Roger Khawam (1922–2016) was an Egyptian Egyptologist and antiquities dealer.

==Early life==
Roger Khawam was born in the affluent Garden City, Cairo, on 19 April 1922. His family were of Syrian Christian origins and moved to Egypt in 1850 when Roger's grandfather, Sélim Khawam, started a jewellery shop near the Ramses railway station in Cairo. They later became involved in the antiquities business. Roger Khawam received his early education at the Lycée Français du Caire from 1929 and subsequently in Paris where he went to learn mathematics and chemistry. Boutros Boutros-Ghali was a childhood friend and Omar Sharif was a cousin.

Khawam was familiar with the antiquities trade from a young age, taking holidays at the pyramids and watching his father Joseph attend to rich Americans at his showroom at the Khan el-Khalili souq, but he only decided to become an Egyptologist after Emile Gaston Chassinat dissuaded him from becoming an aerobatic pilot instead. He had learned to fly while in Paris for his studies. Accordingly, from 1945 to 1950 he studied the skills required of an Egytologist at the Sorbonne's École pratique des hautes études and the Institut Catholique de Paris, such as Coptic, numismatics, hieratic, and German. He already knew Arabic, English and French.

==Career==
In 1955, Khawam took over the family business. He developed an extensive network of contacts that brought him new finds including farmers who found things in their fields and he toured archaeological digs looking for new pieces. He became an expert at spotting fakes. He told his sons to always look at the object, not the hand that held it. Customers included the Louvre, the Metropolitan Museum of Art and the Queen Mother and her ladies-in-waiting. He was a member of the Egypt Exploration Society and the Société Française d'Egyptologie.

In 1977, after the Egyptian authorities introduced laws that restricted the sale and export of antiquities, Khawam moved the firm to Paris where it still trades as Khawam Brothers.

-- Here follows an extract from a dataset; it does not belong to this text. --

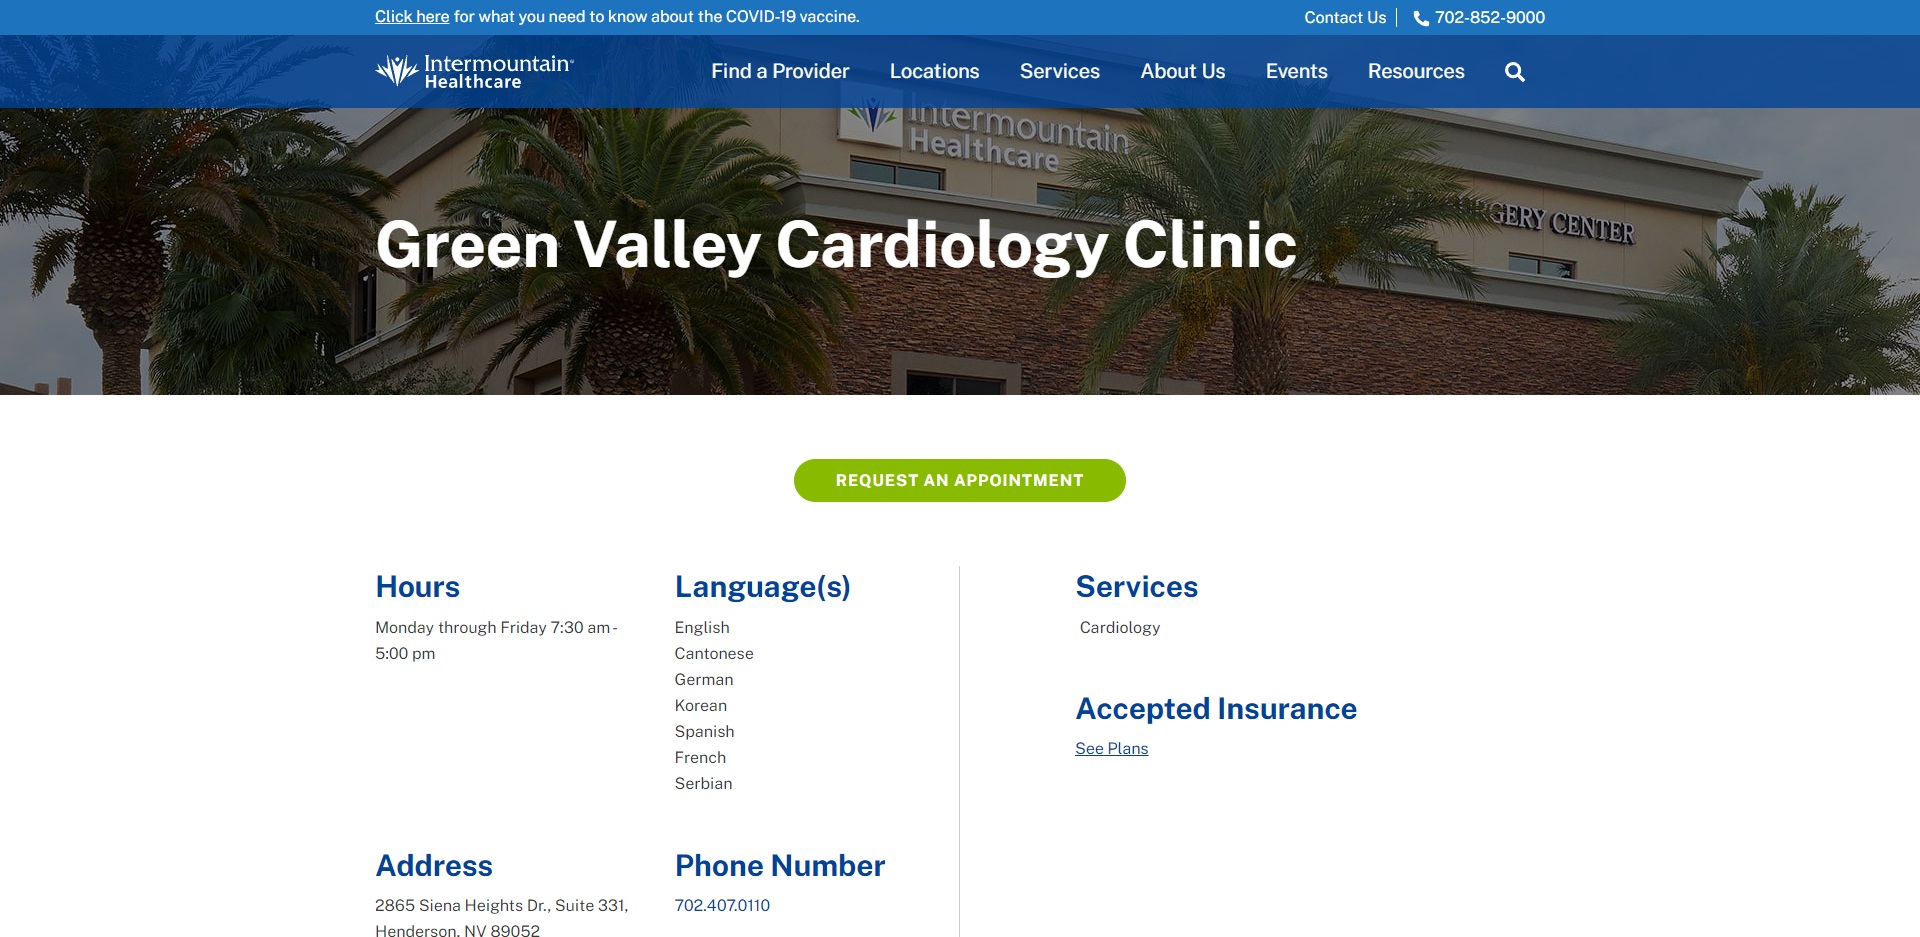 The Best Cardiologists in Henderson, NV

Khawam was known for his charm, good manners and dapper appearance, always wearing a full suit whatever the heat. He shrank from publicity and spent his weekends studying Egyptology and drawing scarab inscriptions. He was a gourmet who enjoyed fine wine and whisky. He retired in 2005 as one of the foremost dealers in Egyptian antiquities of his time.

His library of Egyptology was sold in Paris in 2012.

==Family==
Khawam married Elise Roger in 1950, a French governess that he had met in a Parisian cafe in 1949. Elise died in 2012. They had two sons, Roland and Bertrand.

==Death==
Khawam died in Paris on 22 April 2016. He was survived by his sons.